Most people, when they hear the words ‘secretary of state’, they think of foreign policy and Hillary Clinton.
The position of North Carolina Secretary of State plays a significant role within North Carolina’s economy. The office administers state business licensing, certifies election results, and investigates securities and other kinds of business-related fraud, among other things.
Incumbent Democrat Elaine Marshall is up for reelection this year. Two Republicans — Wake County commissioner Kenn Gardner and Chowan County commissioner Ed Goodwin — survived the May 8th primary and will face off in a July 17th runoff. The winner gets to tackle Marshall in the November general election.
Ed Goodwin — from Edenton — is the kind of plain-spoken, tough-talking candidate whose style will remind long-time state residents of past Tar Heel State populist political icons like Jesse Helms, Sam Ervin, Jim Graham, Rufus Edmisten and Thad Eure.

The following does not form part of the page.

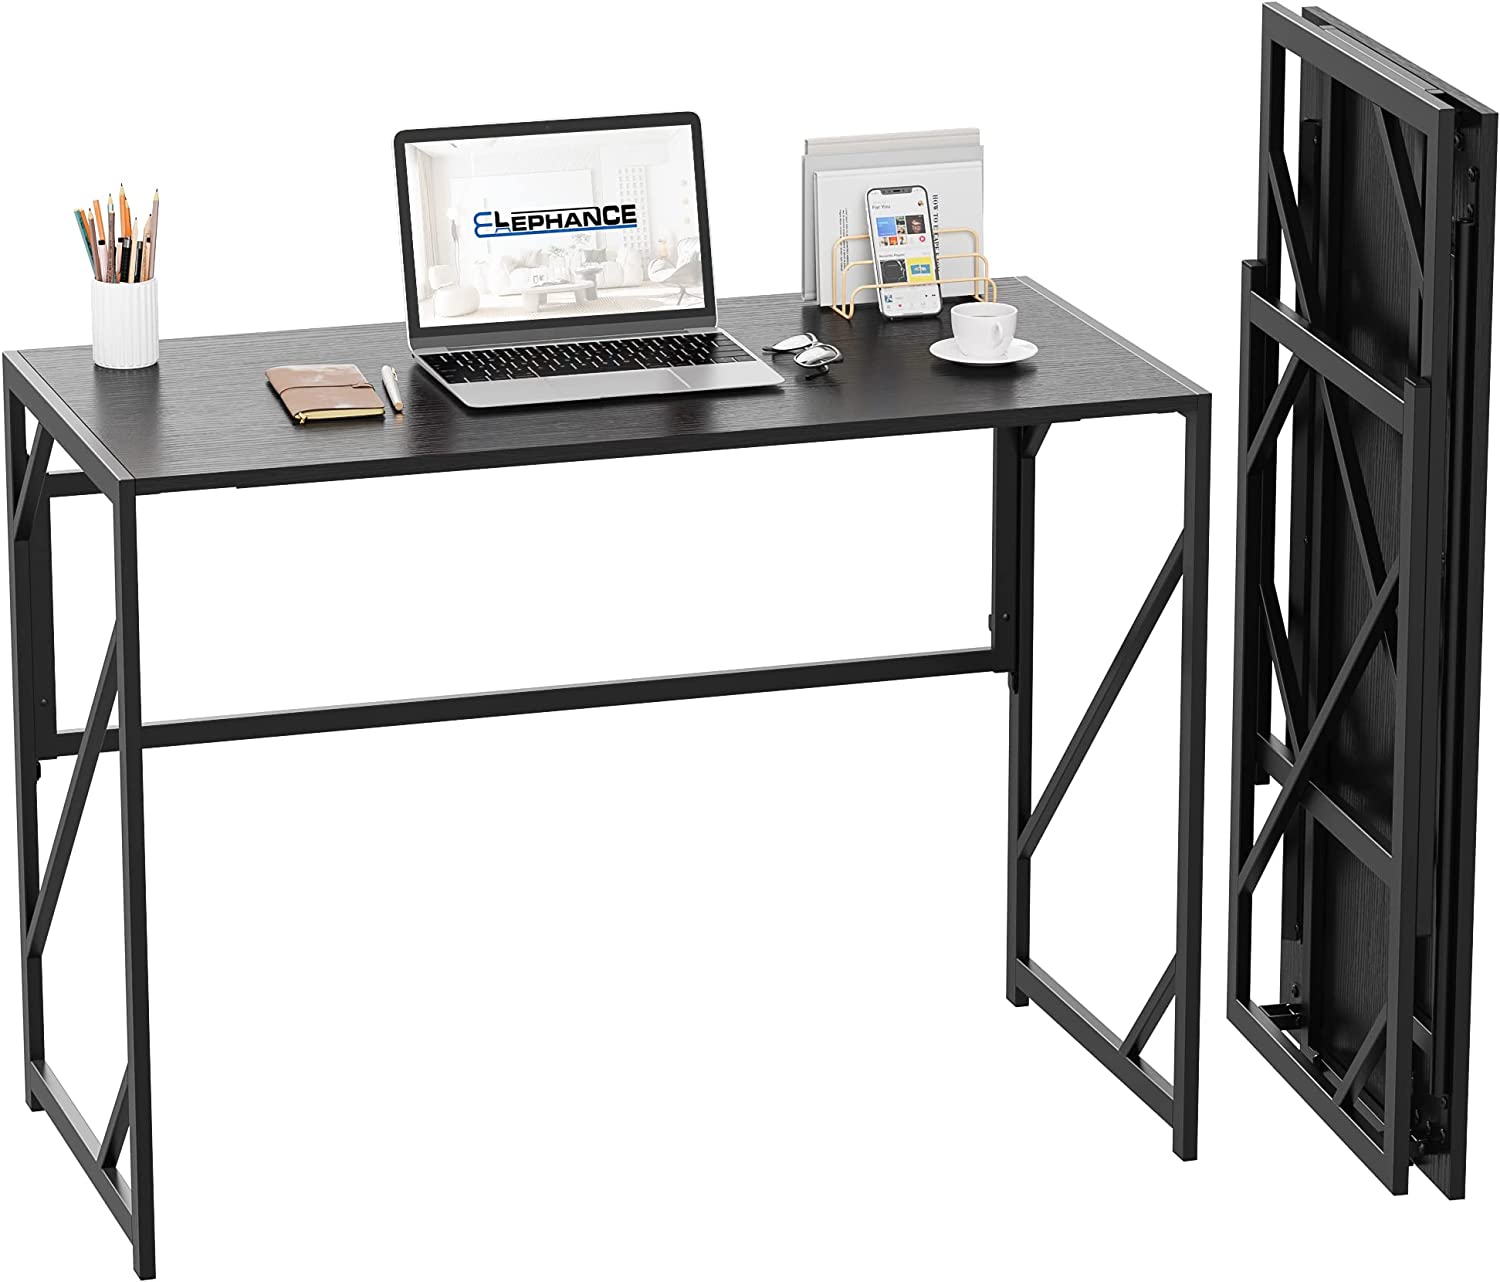 9 Best Collapsible, Folding Desks (Don't Buy This 1)

Goodwin is a former U.S. Army soldier, a retired federal law enforcement officer, a farmer, small businessman and local elected official. He says his work in law enforcement will benefit the secretary of state’s investigative work.
Goodwin says his experience in business and county government have given him great insight into the state of North Carolina’s business climate:
“We’ve got a lot of good qualities to offer here in North Carolina. It has been terribly disturbing to me to watch us — again and again — lose business and economic development opportunities to our neighbors in North Carolina, South Carolina, Tennessee and Virginia. Raleigh’s response has looked like ‘ho-hum’ business-as-usual. It hasn’t looked like anybody in our state capital has been doing anything serious to reverse this trend. When I get to Raleigh, I intend to roll up my sleeves and get to work providing some leadership to turn things around here in North Carolina.”
Goodwin says the Secretary of State needs to be a ‘business diplomat’ — promoting North Carolina and reaching out to local political and business leaders for ideas about how to improve the business climate. He says his campaign is a personal mission for him, to try and save the state he loves, as opposed to a political stepping-stone to Raleigh up from the county level:
“THIS is a job that I want. I plan to stay in the job for as long as the voters will have me. The person in there now — Ms. Marshall — has been focusing on everything BUT the economy and the business climate. She’s hugged up to the Occupy Raleigh crowd. She doesn’t like voter ID. She’s run for the U.S. Senate twice. In any elected job, you need to remember your mission, as well as who you work for.
Ms. Marshall always seems to be looking for another job — something else to do. It doesn’t appear she really likes being Secretary of State. I’ll be glad to take the job from her so she can go spend more time focusing on those things that are more important to her.”
Goodwin says his experience in Chowan County government will help him in Raleigh. When he joined the county board, the county was in serious financial trouble. Goodwin says he provided leadership with his colleagues to cut spending, taxes and regulation to try and ‘right the ship.’ :
“Ms. Marshall likes to go around and brag about how much money she and her staff have collected off of business people in our state. The state should not be jacking up the cost of doing business and making things difficult for people trying to make ends meet and launch new businesses.
Small business is the backbone of this state. As a member of the Council of State, I’ll work with the other members to reform our system and level the playing field so our business climate is competitive with our neighbors.”